The story_recommender
job is triggered by a sensor, which detects when both of its input tables have been updated.
The dbt_metrics
job is triggered by a different sensor, which will fire a run whenever hacker_news_api_download
finishes.
Each job uses resources, which allows data to be read from and written to different locations based on the environment.
To allow the sensors and schedules to work, the dagster daemon needs to be enabled:
conda activate dagster-asset-demo
dagster-daemon run
Once it is enabled, you will observe a green stopwatch icon around any scheduled job with an active schedule.
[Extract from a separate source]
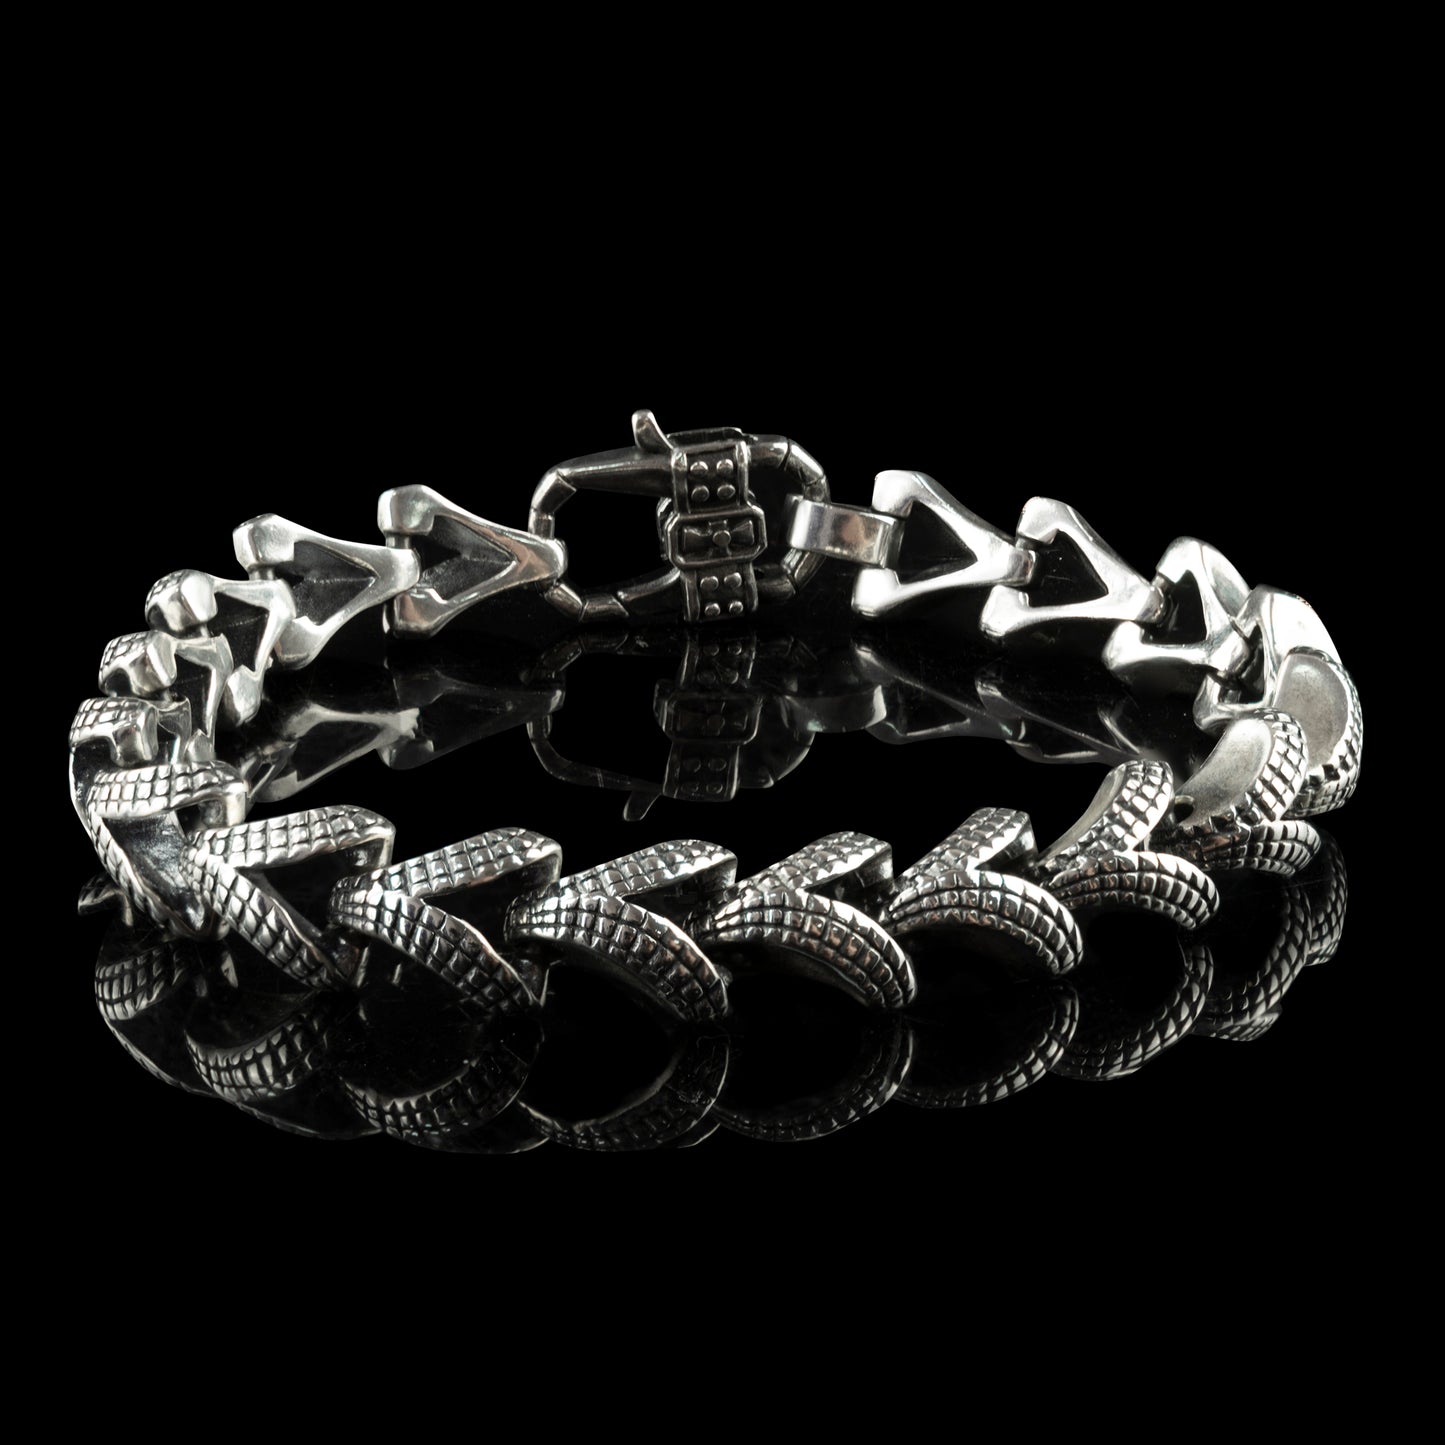 Bruralist silver chain bracelet Biker jewelry Biker bracelet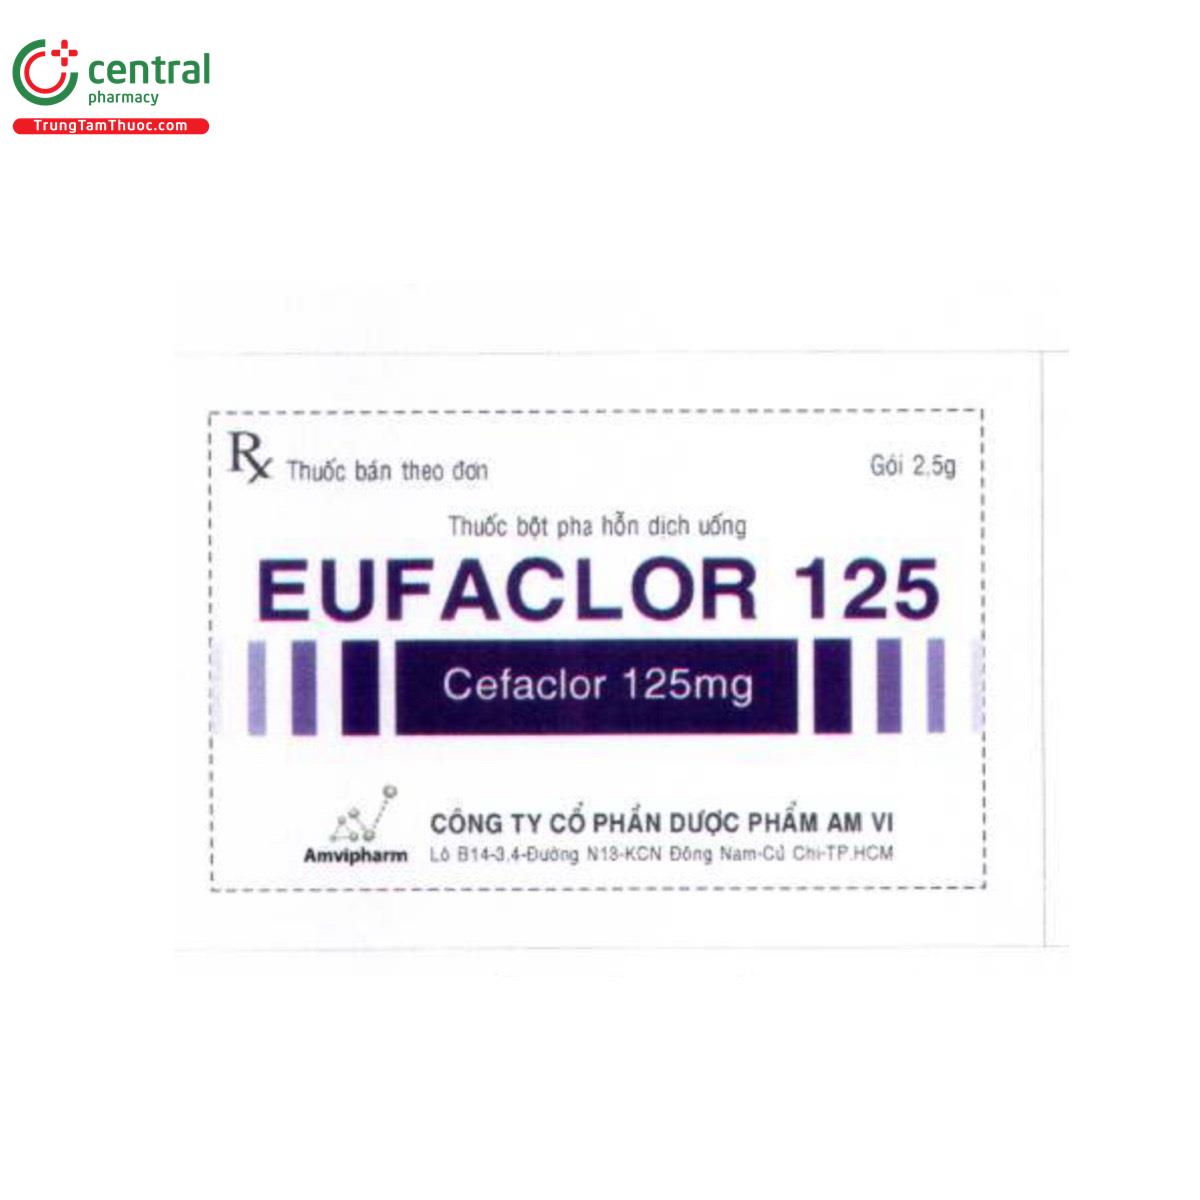 eufaclor 125 5 S7346

As
As we set the DefaultScheduleStatus
to RUNNING
using:
schedule_from_partitions(download_local_job, default_status=DefaultScheduleStatus.RUNNING)
No further manual action is necessary to enable the sensor after loading the job into dagit.
Furthermore, the overall asset graph can be viewed in unison: Even though the HN example use case is split into three jobs utilizing a variety of tools (DBT,DuckDB, python-based machine learning) it is still possible to view the overall data dependencies (lineage) on a single pane of glass:
After executing the graph (by waiting for the sensor to trigger once per hour) or by executing a couple of backfills, various materialization statistics are collected and directly visualized in the dagit UI:
Furthermore: Once a running materialization is in-flight you can directly observe the structured logging capability of dagster:
Logs for any specific step of the pipeline can be filtered interactively:
Furthermore note that DBT by itself can genrate documentation:
https://docs.getdbt.com/docs/building-a-dbt-project/documentation about the lineage of ots graph using: dbt docks generate
and dbt docks serve
.
Summary
Dagster improves the quality of data pipelines by catering towards the separation of business logic and IO. Therefore the various dependencies to external or perhaps costly systems can be removed and the testability of data pipelines increases dramatically. Furthermore, this allows the data developer - similar to a software developer to gain instant feedback on the changes of one component in the data pipeline - and the impact on other downstream components.